Owen Horsley’s staging mixed the tradition with the modern and this extended to the casting that seemed admirably keen to eschew any unanimity of age, gender, ethnicity, accents, costuming and acting styles. It is as though the Royal Shakespeare Company looked around and collected together some of those who happened to be available and find them a part to play. In 1971 there was a TV adaptation for the BBC of A Midsummer Night’s Dream with Robert Stephens as Oberon and an exceptional cast including Eileen Atkins (Titania) and Ronnie Barker as Bottom. This is my ‘benchmark’ performance which is always – wrongly or rightly – in my mind whenever I sit down to see the play again. I also played Oberon myself when I was much younger and I suspect that was the definitive portrayal of this role … only joking!

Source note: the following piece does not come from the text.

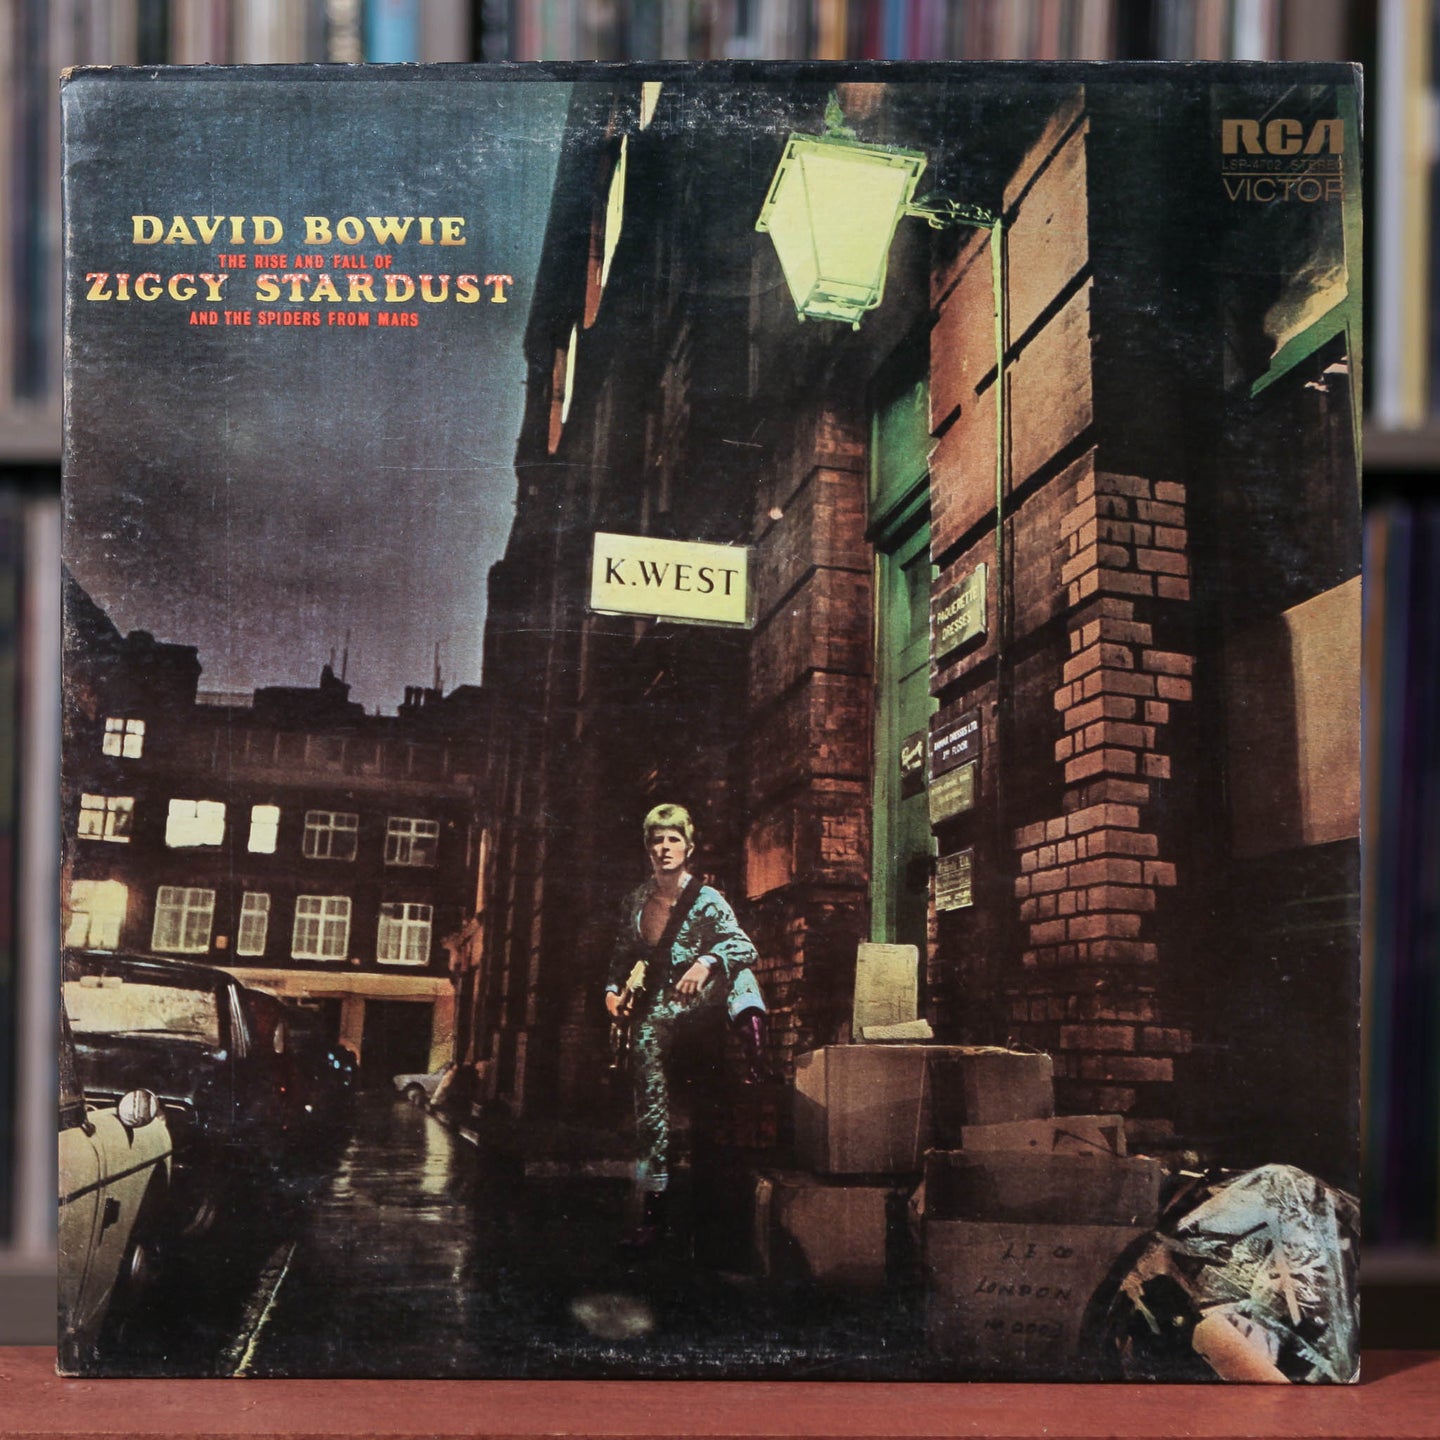 David Bowie - The Rise And Fall Of Ziggy Stardust And The Spiders From Mars - 1972 RCA, VG+/VG+

Rosanna Vize’s eclectic modern clothes and spare set evoked nothing of the period or location of Shakespeare’s comic masterpiece. This was rather jarring at first but increasing less relevant as the story-telling became more convincing and Mendelsohn’s sublime music created more and more of the requisite magical atmosphere. At the back over the orchestra there was basically a large moon and a platform for the singers on which all the characters could run hither and thither as they did across too smaller bits of staging on either side at the front of the stage.
I often have seen actors double up as Theseus/Oberon and Hippolyta/Titania but I wonder have these characters ever been played by two who are not in the first flush of youth as David Rintoul and Marty Cruickshank are. They brought gravitas to their ruling class roles and their ‘old school’ acting gave them an otherworldly presence as ‘fairies’. Rintoul thankfully looked remarkable good when having to play Oberon bare-chested behind a white dinner jacket. I was a bit sorry for Marty Cruickshank who is undoubtedly a fine actress but was made to go about as if an escapee from a care home. That was the only thing about Owen Horsley’s production I could not eventually come to accept. The four lovers grew on me and especially Hedydd Dylan’s Helena that I cannot remember seeing performed better. I eventually realised that Puck was Oliver Johnston who came initially out of the orchestra and acted on occasions as an onstage/offstage conductor …if this makes any sense. Together with Oberon they did provide real touches of magic when transferring the flower with the love juice between themselves!
Best of course – as always – were the scene-stealing Mechanicals, including a fabulous Flute/Thisbe from Chris Lew Kum Hoi, thick red lipstick and all, and a genuinely funny Bottom from Falkirk-born Forbes Masson whose accent as Pyramus had the lilt of his compatriot Billy Connolly, as well as, something of his comic timing. I was also impressed by Sophie Khan Levy as Snug who gets the ‘lion’s part’ and here was given a mane made of large paint brushes and Chris Nayak as Snout, one of the funniest ‘walls’ I have ever seen.
To quote the Bard: ‘The play’s the thing’ and it won in the end … and Mendelsohn’s music helped a lot too!